A follow-up e-mail to Boone from Cannon said they would discuss the matter more after
he returned from a business trip.
But a week after meeting with Cannon, Boone was placed on emergency medical leave
when a congenital problem with her leg and foot flared up and required treatment
at the Mayo Clinic in Minnesota. Doctors there ordered her not to work.
On Dec. 30, while still on medical leave, she was told to attend a meeting with Cannon
and her department's director of human relations.
She said she brought documentation that the pellet guns used did not meet the Civil
Service Workplace Safety definition of a firearm as "a weapon from which a dangerous
projectile may be expelled by explosive, gas or air." The guns purchased were spring-loaded.
But she was never allowed to present her full case, said Boone, who has 30 years
of work in rehabilitation services and a law degree.

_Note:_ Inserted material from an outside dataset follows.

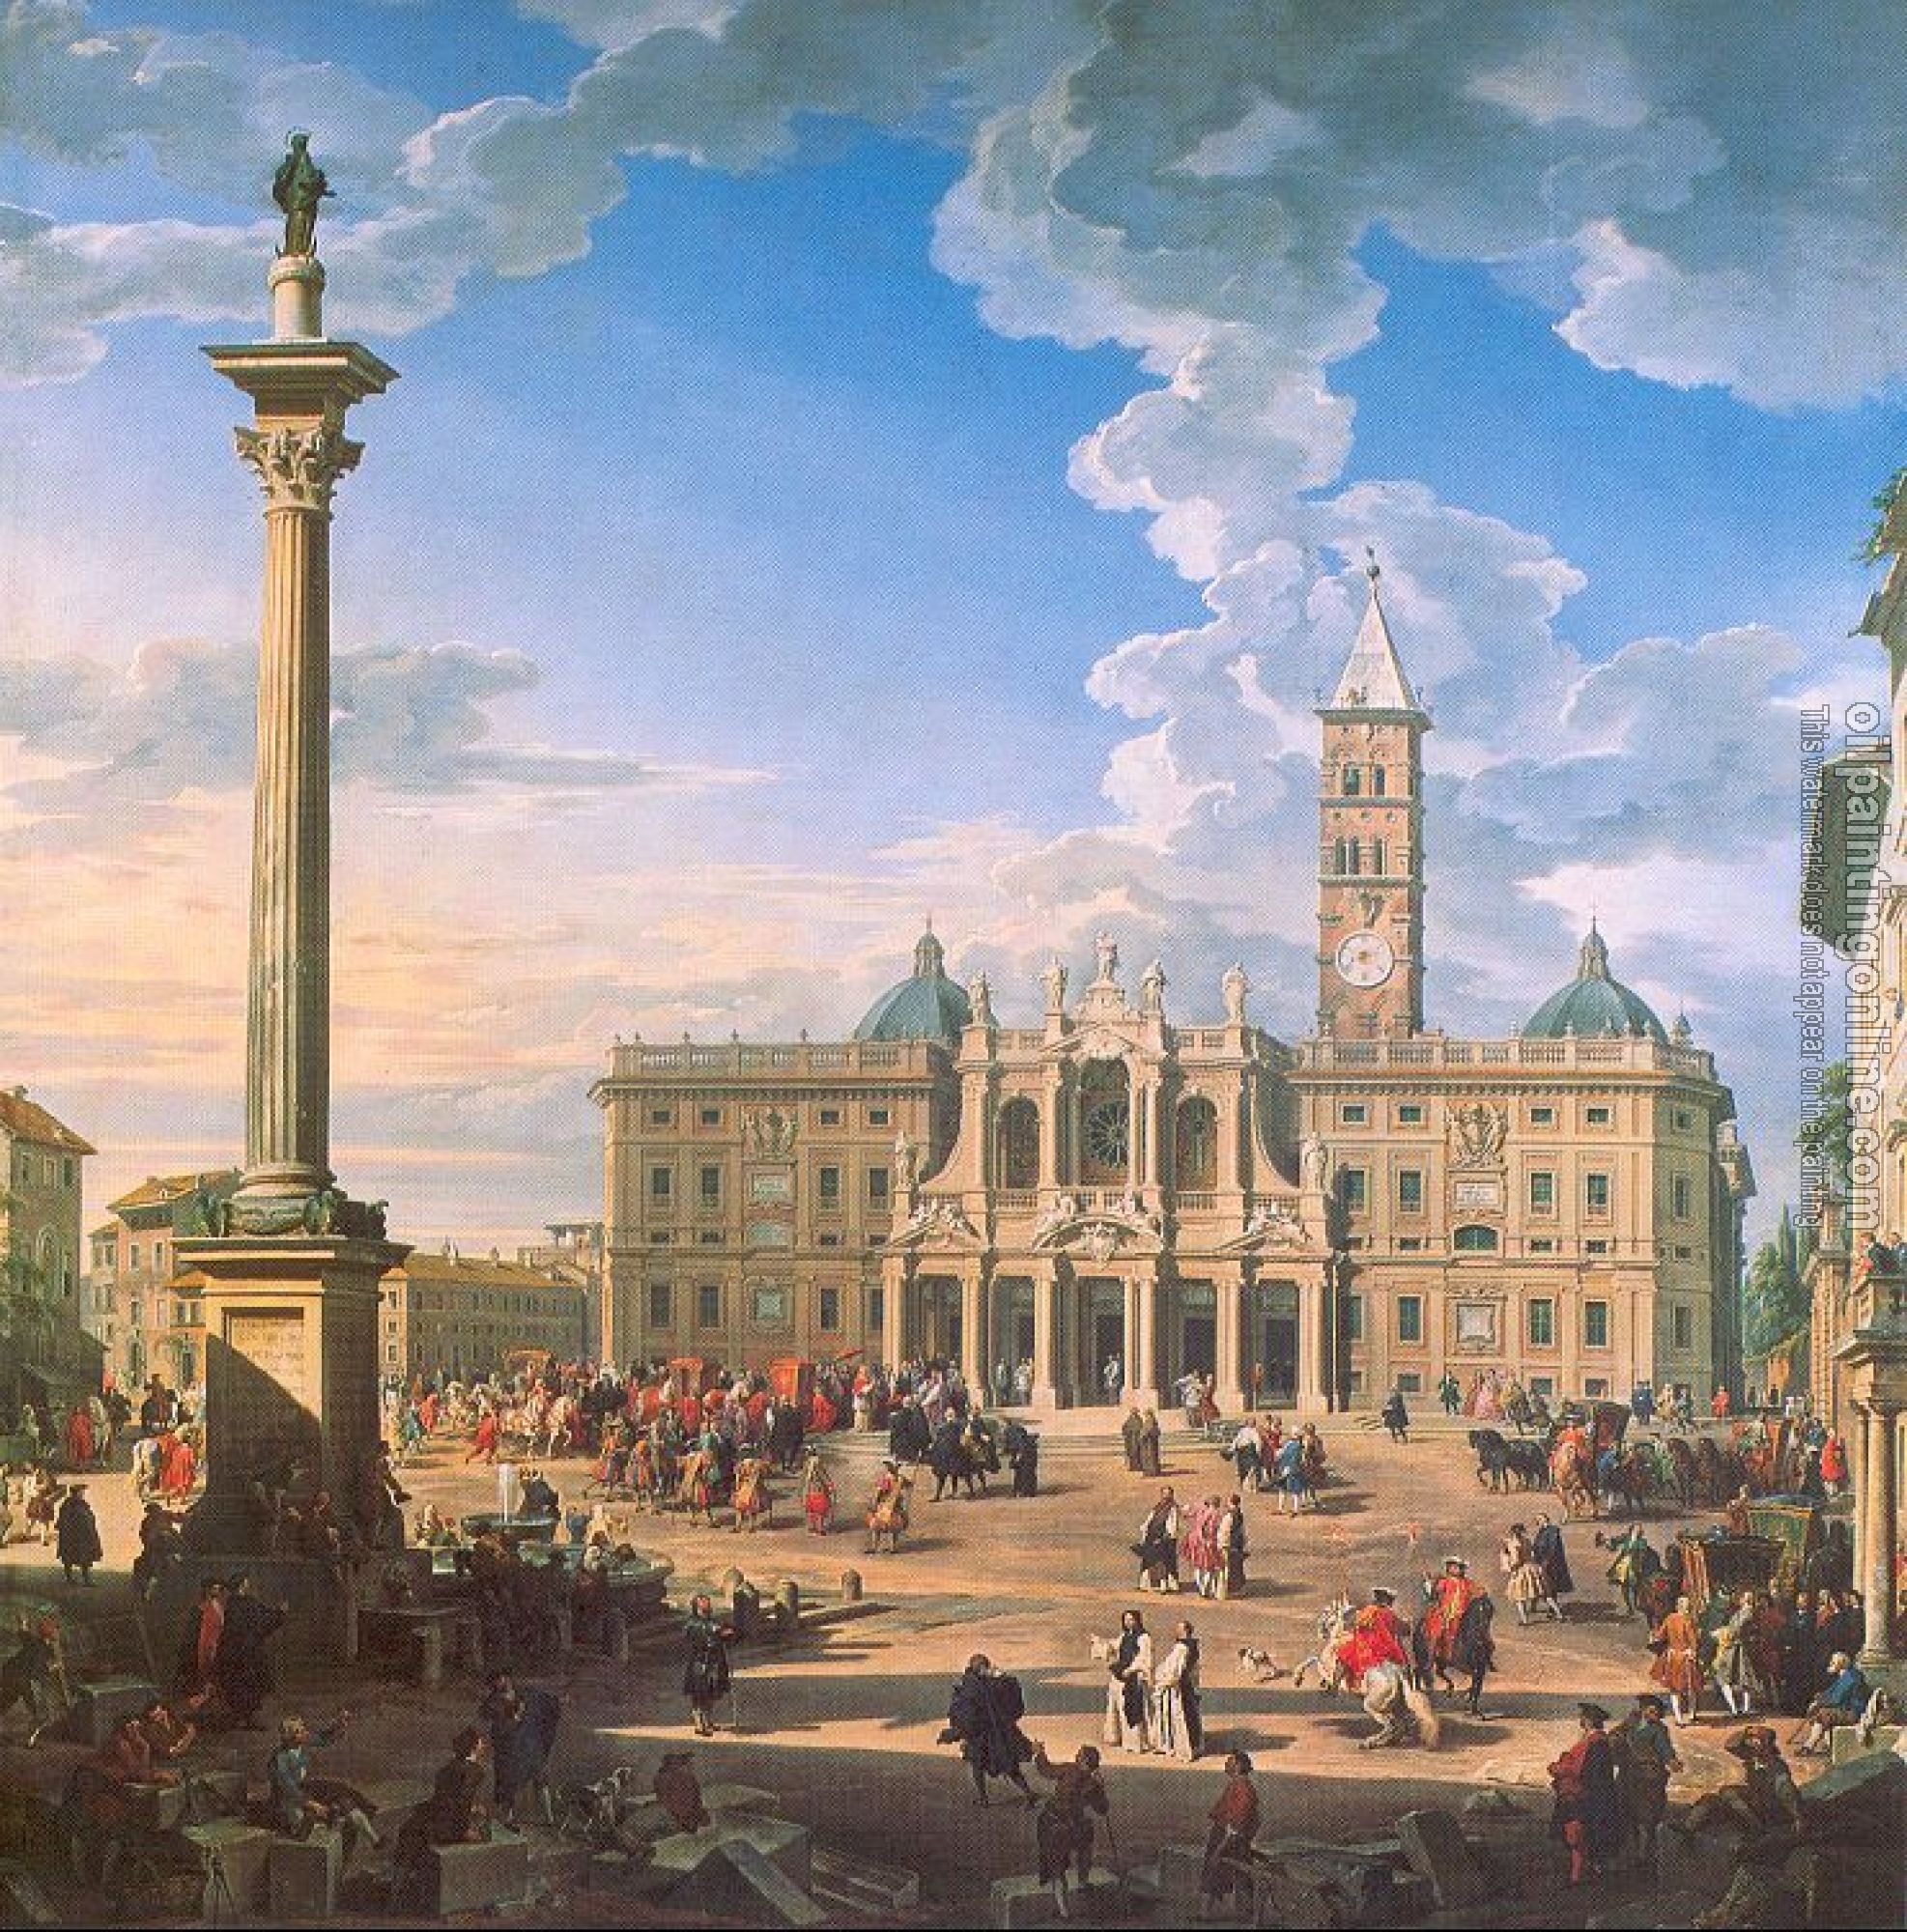 Panini, Giovanni Paolo - The Plaza and Church of St. Maria Maggiore

Boone said the work-safety rule she was accused of breaking lists numerous exceptions
to permit use of firearms, including getting permission from the proper authority.
When Boone insisted Cannon had given permission for the class, she said he acknowledged
remembering the conversation but he thought the class would be conducted off campus.
When she asked why that was not considered in her defense, Boone said she was told
by the director of human relations "that Mr. Cannon did not know what he was approving."
Morrow said civil service disciplinary action in Boone's case could have included
a warning or written reprimand. But she was fired by Cannon, Morrow said, because
Boone's judgment "weighed heavily, as well as losing the confidence of her supervisors."
Boone's supporters remain angry.
"This is as close to corruption as I've ever seen," said Larry Posont, president
of the National Federation of the Blind of Michigan, who organized a rally in Lansing
to protest Boone's dismissal. "When someone has the power Pat Cannon has, it's wrong.
Anybody who stands up to him, gets fired."